Is it a Right Triangle?

Let the $3-4-5$ triangle be oriented so that its lower left corner is at the origin of a standard $xy$ -grid, with the side length $4$ oriented along the positive $x$ -axis and the side length $3$ oriented along the positive $y$ -axis.

Now the slope of $BC$ is clearly $-\dfrac{4}{3}.$ To find the slope of $AB,$ note first that the upper-left corner of the box with side lengths $3$ lies at $P(-3,3).$ Next, after noting that the side of length $5$ of the $3-4-5$ triangle has slope $-\dfrac{3}{4},$ we see that the sides of the box of side lengths $5$ perpendicular to this side of the triangle will have slope $\dfrac{4}{3}.$ The uppermost vertex $Q$ of the box with side lengths $5$ will then lie at $(0,3) + (3,4) = (3,7),$ and so the slope of $AB$ will be that of $PQ$ , namely $\dfrac{7 - 3}{3 - (-3)} = \dfrac{2}{3}.$ Since the slopes of $AB$ and $BC$ are not negative reciprocals of one another, we can conclude that $\angle ABC$ is not a right angle.

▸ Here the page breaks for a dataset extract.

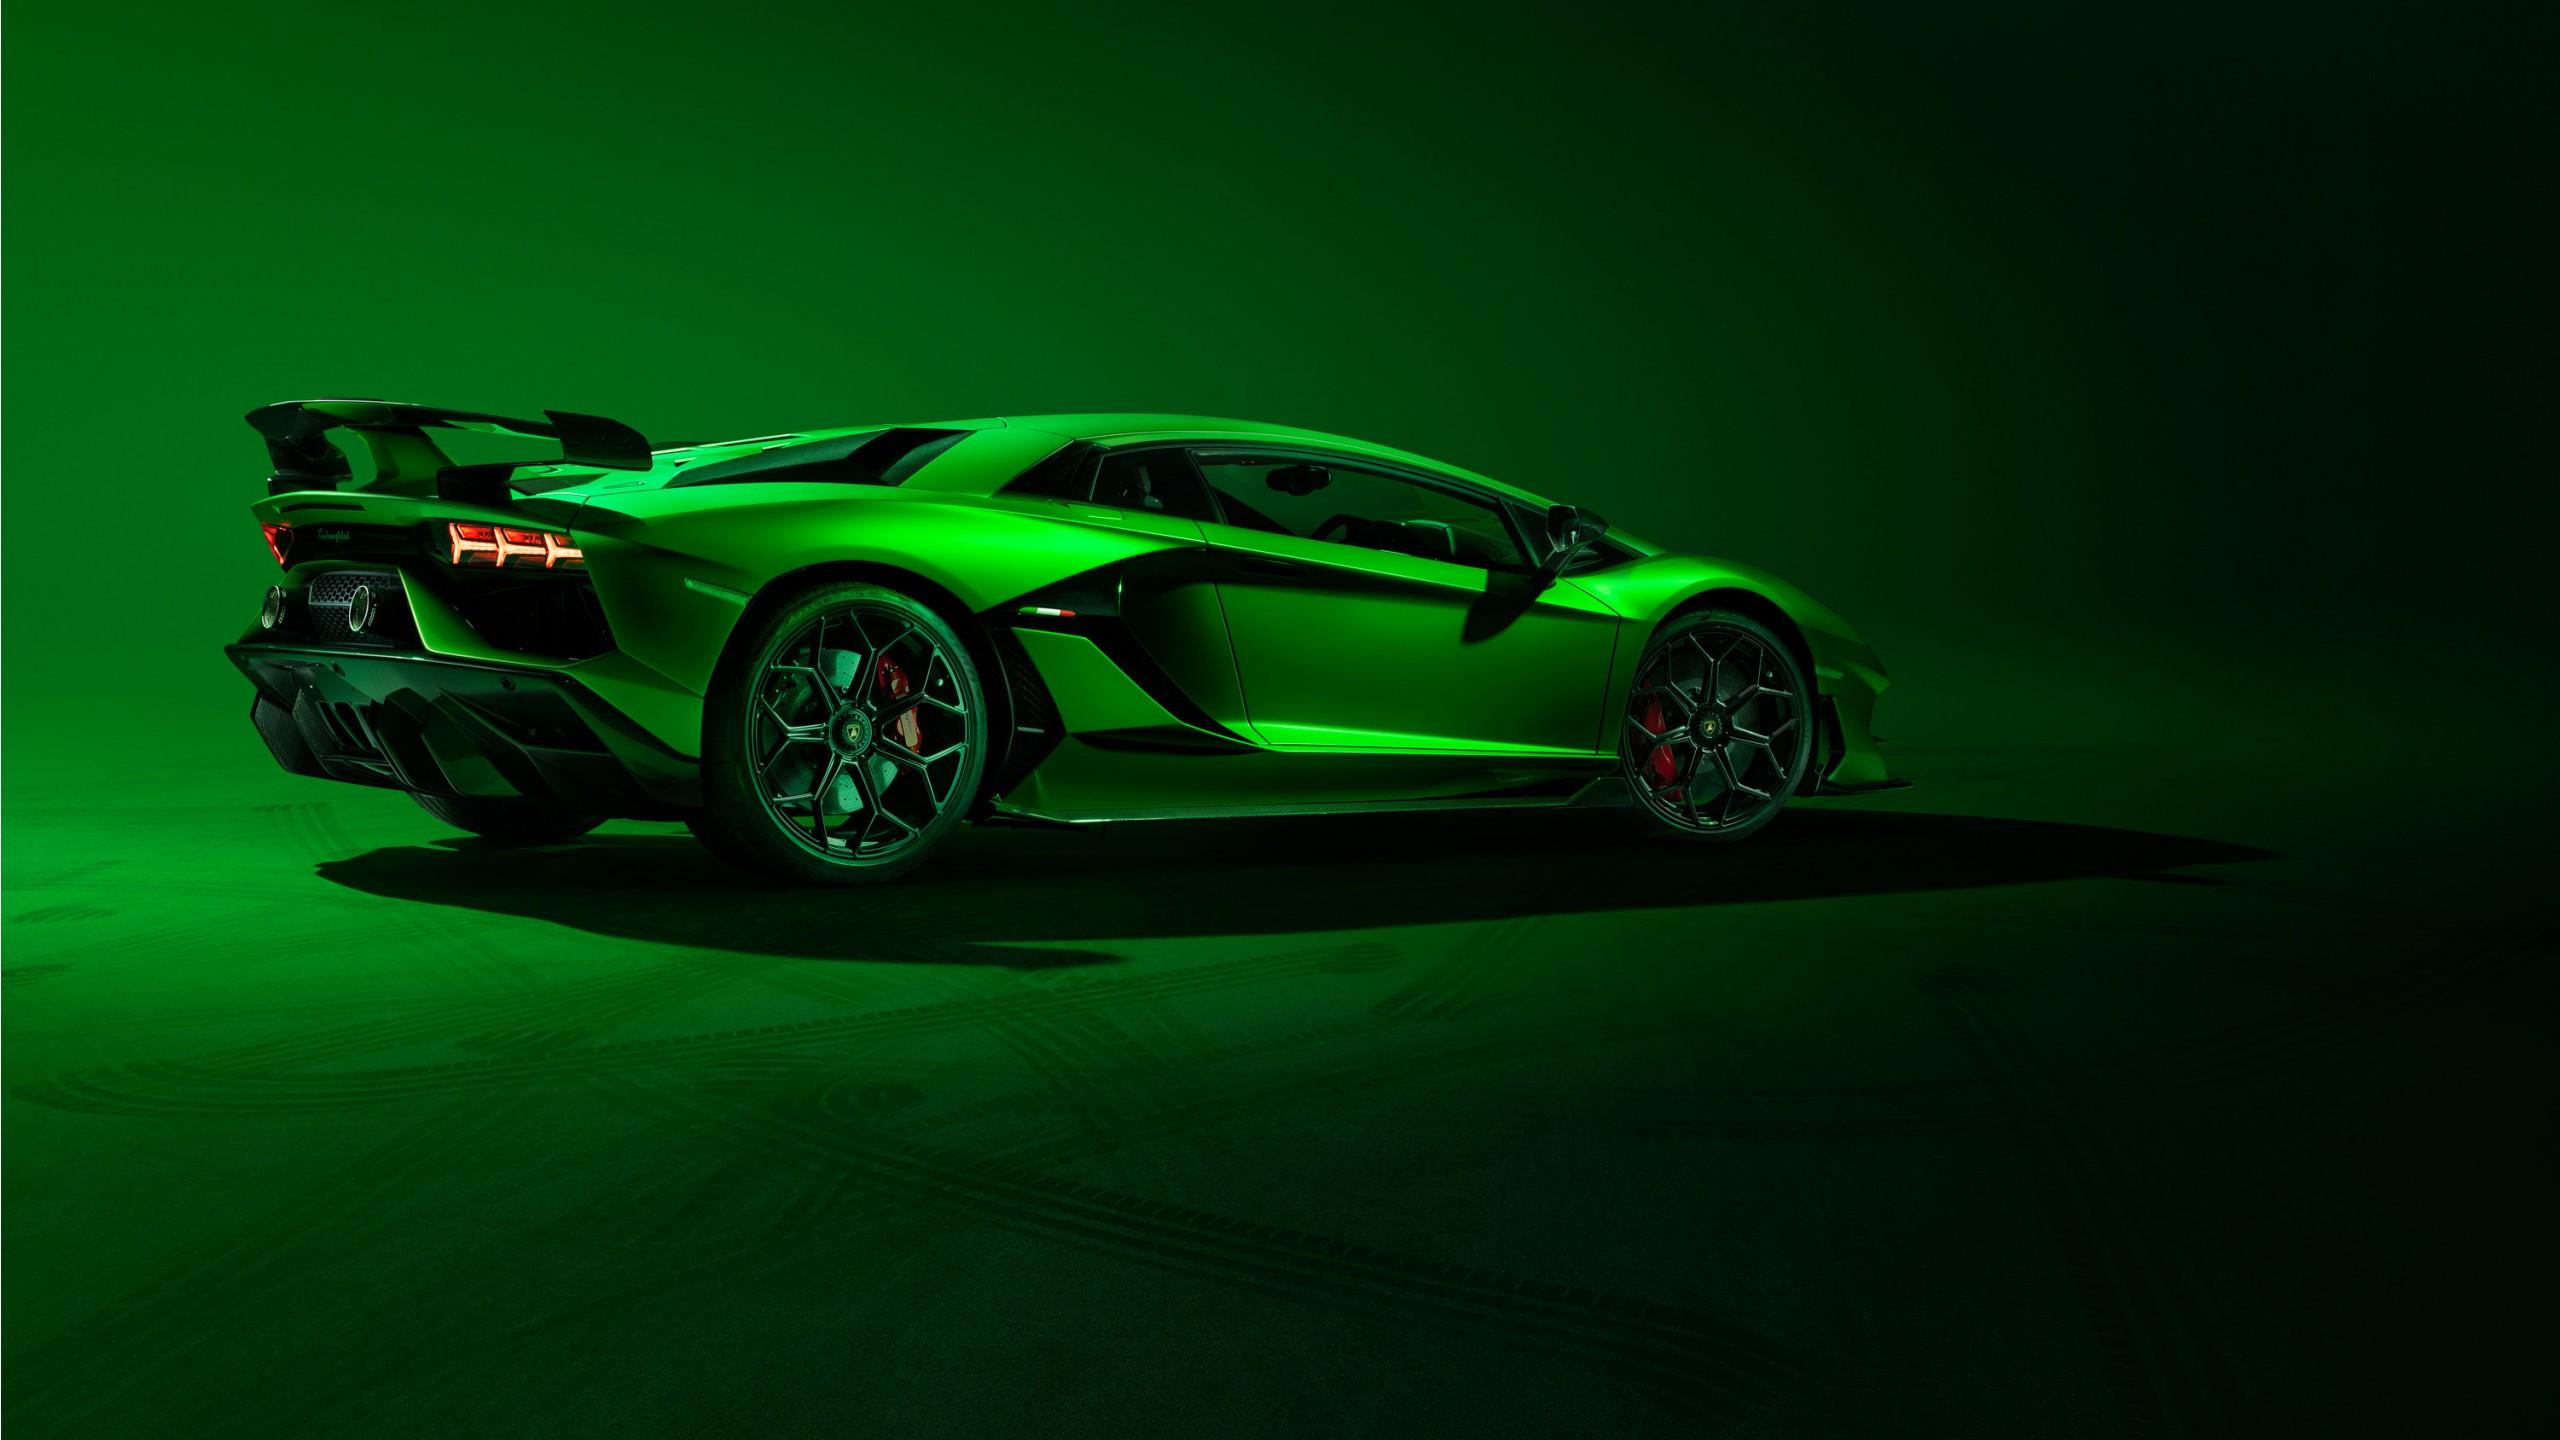 2019 Lamborghini Aventador Svj 3 Wallpaper Hd Car

For completeness we should also calculate the slope of $AC.$ The lower-right vertex $R$ of the box with side lengths $4$ lies at $R(4,-4),$ and the rightmost vertex $S$ of the box of side lengths $5$ lies at $(4,0) + (3,4) = (7,4).$ The slope of $AC$ is then the slope of $RS,$ namely $\dfrac{4 - (-4)}{7 - 4} = \dfrac{8}{3}.$ Again as this value is not the negative reciprocal of the slopes of either of the other two sides of $\Delta ABC$ we can conclude that none of the interior angles of $\Delta ABC$ are $90^{\circ},$ and thus $\Delta ABC$ is not a right-angled triangle.

I did the same Brian....But I also plotted this in Geogebra and here is the accurate image with the angle s

The above diagram refers to where I am in my steps below. 4,8 and 14 refer to lengths of the side of the smaller triangle they are each near, and the rest refer to angles.

When I did this, I used a series of trig identities and triangle properties to find the sides and angles necessary to find the angles of $\triangle ABC$ . And it was done in 18 simple steps: (note: A scientific calculator is needed for this. Having a calculator that can store numbers lets you be more precise here, but rounding to 2 decimal places will still get you the correct answer)

1) $\tan^{-1}\frac{4}{3}=53.13$

2) $\tan^{-1}\frac{3}{4}=36.87$

3) $360-90-90-53.13=126.87$

4) $c^{2}=3^{2}+5^{2}-2(3)(5)(\cos 126.87) \color{#D61F06}{\Rightarrow} c=2\sqrt{13}$

5) $\frac{\sin 126.87}{2\sqrt{13}}=\frac{\sin A}{3} \color{#D61F06}{\Rightarrow} A=19.44$

6) $180-90-19.44=70.56$

The same logic used in 3-6 can be used in 7-10

7) $143.13$

8) $\sqrt{73}$

9) $16.31$

10) $73.69$

11) $180-70.56-73.69=35.75$

12) $180-143.13-16.31=20.56$

13) $180-90-20.56=69.44$

14) $5$ : This side is opposite the vertical angle of a right angle, making this a 3-4-5 right triangle and congruent to the original 3-4-5 right triangle.

15) $\cong (2) =36.87$

16) $180-90-36.87=53.13$

17) $180-69.44-53.13=57.43$

18) $180-35.75-57.43=86.82$

None of 11, 17 or 18 = 90, so the answer is $\color{#D61F06}{No}.\space\space\space\Box$

Firstly, we note that if $\triangle ABC$ were a right-angled triangle, $\angle a$ and $\angle b$ must add up to 90°. Then, we construct 2 triangles (in red) where we can determine the values of $\angle a$ and $\angle b$ .

• $\angle a$ = $\tan ^{ -1 }{ \frac { 4 }{ 6 } }=\quad 33.7°$
• $\angle b$ = $\tan ^{ -1 }{ \frac { 4 }{ 3 } }=\quad 53.1°$

Since $\angle a$ + $\angle b$ =53.1°+33.7°=86.8° $\neq$ 90°, therefore $\triangle ABC$ is not a right-angled triangle.